(HealthDay News) — Longer duration of bisphosphonate use is associated with an increased risk for atypical femur fracture, according to a study published in the New England Journal of Medicine.

Dennis M. Black, PhD, from the University of California in San Francisco, and colleagues studied women aged 50 years or older who received bisphosphonates. Women were followed from Jan. 1, 2007, to Nov. 30, 2017, for the primary outcome of atypical femur fracture.

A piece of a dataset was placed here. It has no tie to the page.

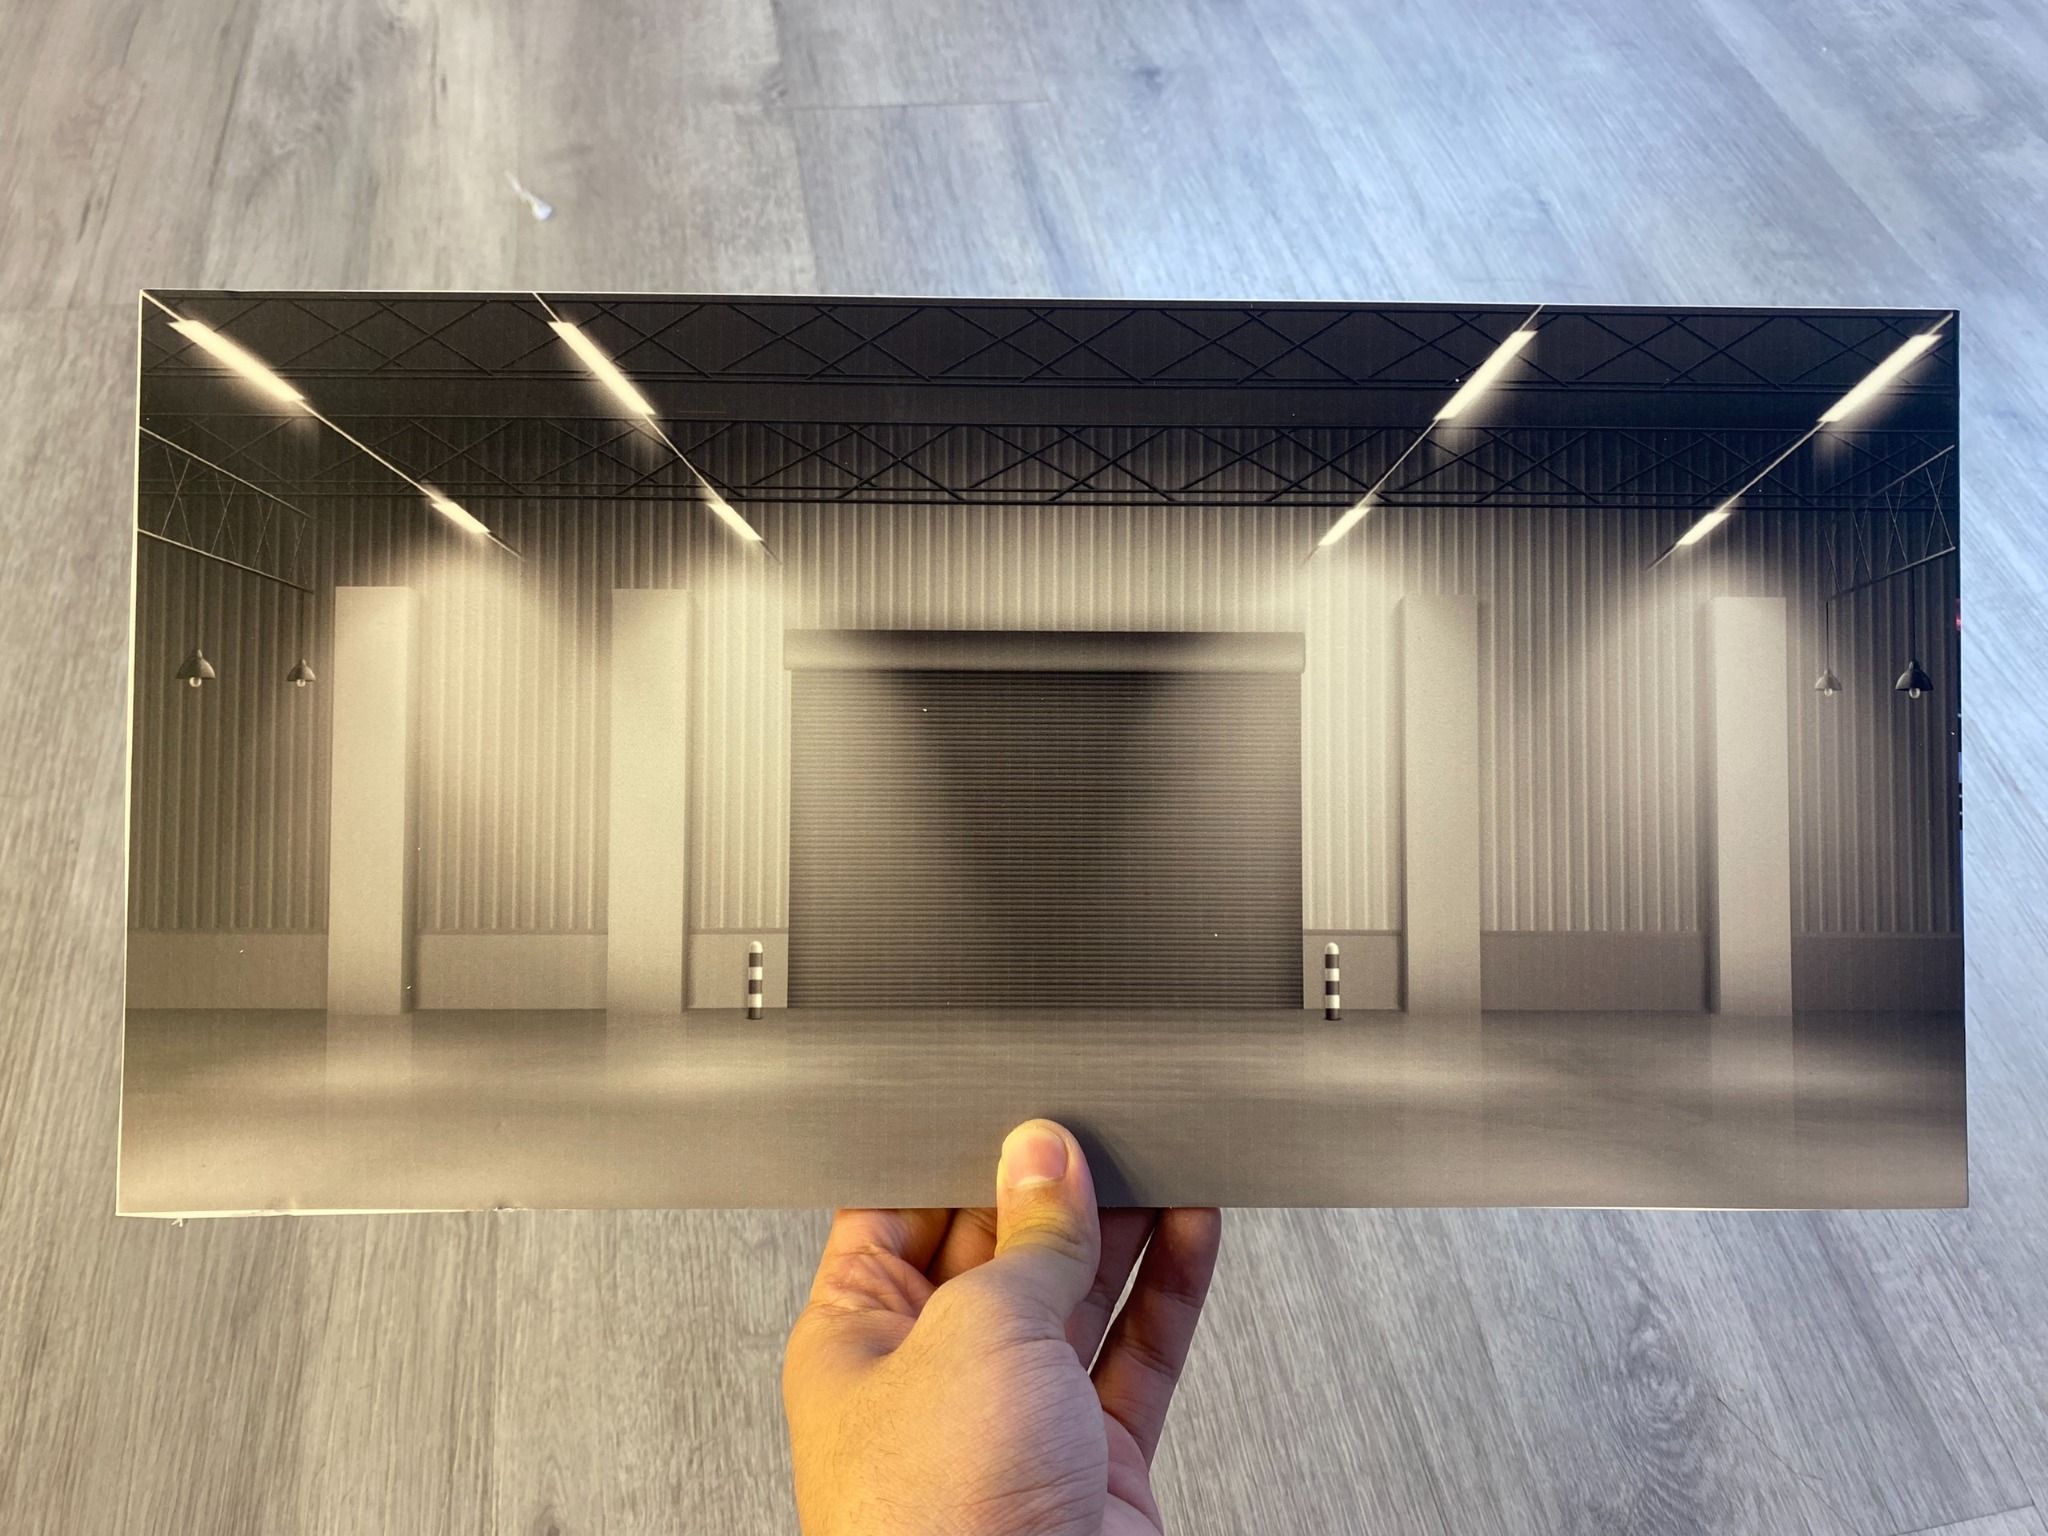  Diorama trưng bày 1 mặt background garage light gray dành cho mô hình DR016

The researchers found that 277 atypical femur fractures occurred among 196,129 women. There was an increase in the risk for atypical fracture with a longer duration of bisphosphonate use after multivariable adjustment, with hazard ratios of 8.86 and 43.51 for 3 years to less than 5 years and for 8 years or more, respectively, compared with less than 3 months. Race, height, weight, and glucocorticoid use were also risk factors. Discontinuation of bisphosphonate use was associated with a rapid decline in atypical fracture risk. During 1 to 10 years of bisphosphonate use, decreases in the risk for osteoporotic and hip fractures outweighed the increased risk for atypical fractures among whites, but less so among Asians. In whites, 149 hip fractures were prevented and 2 bisphosphonate-associated atypical fractures occurred after 3 years compared with 91 and 8 fractures, respectively, in Asians.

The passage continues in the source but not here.